Y esto no es cosa de las "feministas", sino RAZÓN DE ESTADO; el proyecto en marcha de exterminio de la población autóctona, vía no relaciones y por tanto no hijos (además de las condiciones laborales), es el proyecto del ESTADO, y del GRAN CAPITAL, de cara a afrontar las nuevas condiciones económicas y geopolíticas que se están dando y se van a dar; y de cara a competir con las potencias emergentes y/o emergidas, en las cuales los gastos laborales y productivos y los gastos del Estado son menores que en la bienestarista Europa.

Sí, el Estado de Bienestar (que es el que nos ha destruido) toca a su fin, y en ese nuevo escenario no hace falta clase media, sino 90% clase baja (inmigración) y 10% clase alta y dirigente.

VOX, por supuesto, es la VÍA MUERTA creada al efecto de canalizar la disidencia.
El PLAN es IRREVERSIBLE, porque son IRREVERSIBLES los efectos de la baja natalidad acumulada durante décadas.

Sólo hay una forma de evitar nuestro triste y patético FIN; echar abajo el dúo ESTADO y CAPITAL.
Es decir, revolución popular, es decir, de abajo hacia arriba... Mi propuesta es *ESTA*.

Es nuestra decisión pasar a la historia con más pena que gloria... peor aún, como piltrafas con apariencia humana, o bien pasar a la historia como la generación que puso fin al sistema de dominación formado por el dúo ESTADO-CAPITAL.

Repitamos: si se prohibiera la prostitución se dispararían las denuncias de violencia de género y violencia sexual, al no haber mujeres profesionales con las que los hombres se "desfoguen" (cosa que no comparto, porque nadie tiene que "desfogarse" con nadie... pero el hecho de que yo no lo comparta, no quiere decir que ese hecho no exista).

Por tanto, ese es el objetivo del ESTADO en caso de confirmarse la prohibición: un nuevo giro de tuerca de la LIVG.

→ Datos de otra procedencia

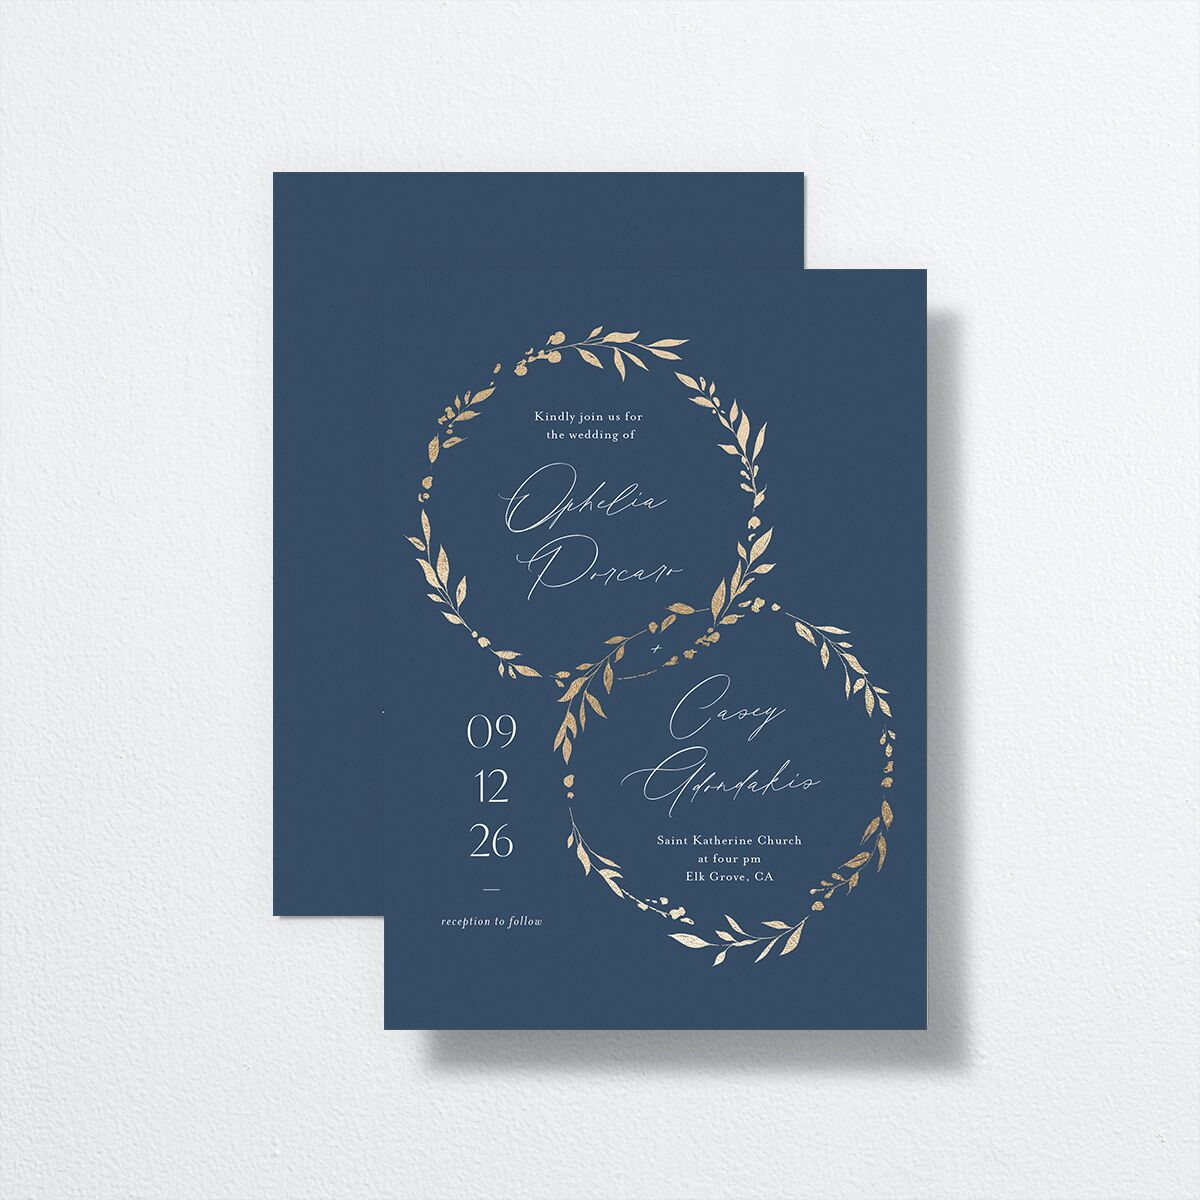 Stefana Crowns Wedding Invitations front-and-back in blue
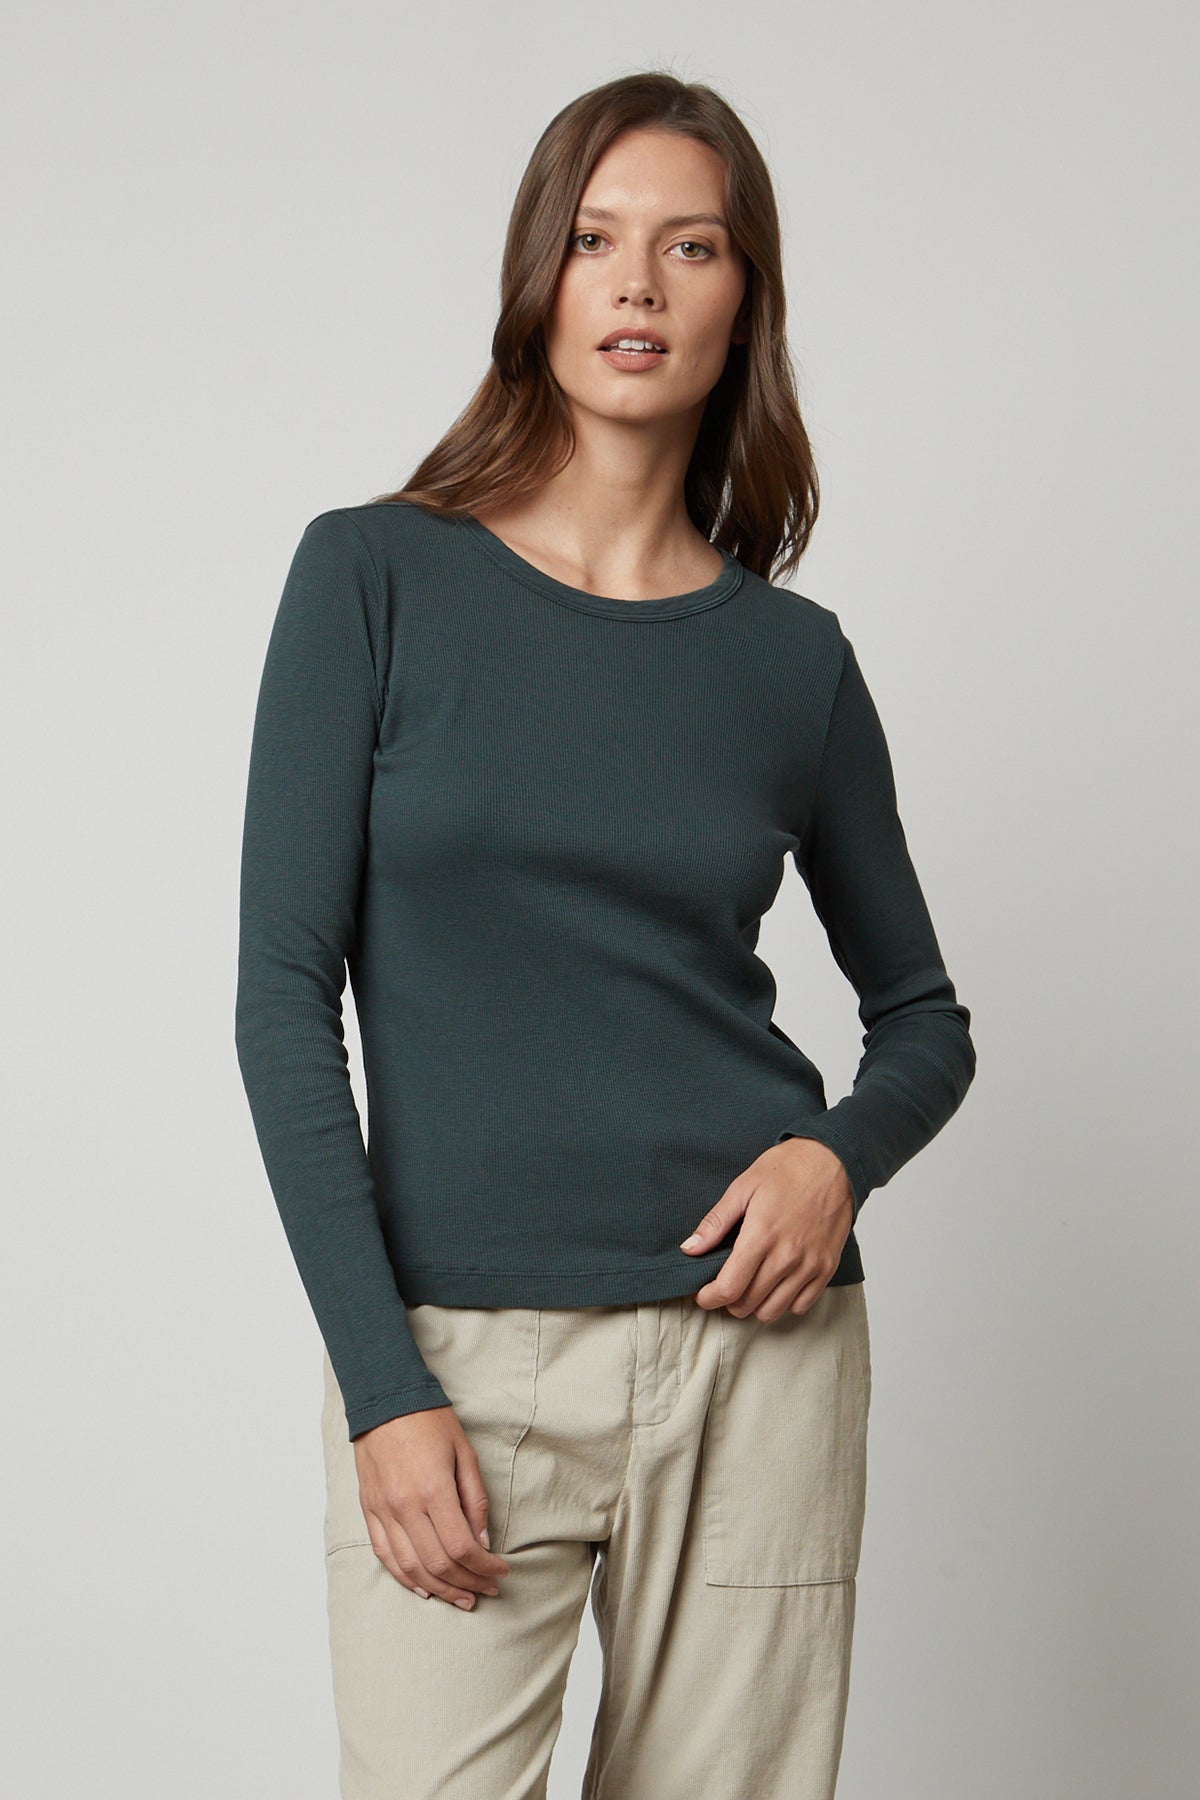 A woman wearing the Velvet by Graham & Spencer BAYLER RIBBED SCOOP NECK TEE and khaki pants.-35782696566977

Lo que tienen que hacer hombres, mujeres, prostitutas y clientes de prostitutas, todos ellos, todo el pueblo llano, unido, es echar abajo el ESTADO y el GRAN CAPITAL que son los impulsores de todas las ideologías (y leyes) que dividen, enfrentan, *envilecen *y destruyen al PUEBLO LLANO... hasta el punto de, finalmente, sustituirlo por inmigración, proceso que se completará en 20-40 años... Sí, todos ellos, de izquierdas y de derechas, todos ellos se van a ir a la tumba divididos y enfrentados y sustituidos por inmigración.


----------



## Jonny Favourite (21 May 2022)

WhyAlwaysMe dijo:


> Y en Marruecos con pena de casarte con ella obligatoriamente (al final es un tema económico y te sale a 3/4K la broma) y cualquier Medina de cualquier ciudad parece el malecón de La Habana*



Logico joder. No se puede mear contra el viento ni ponerle puertas al campo.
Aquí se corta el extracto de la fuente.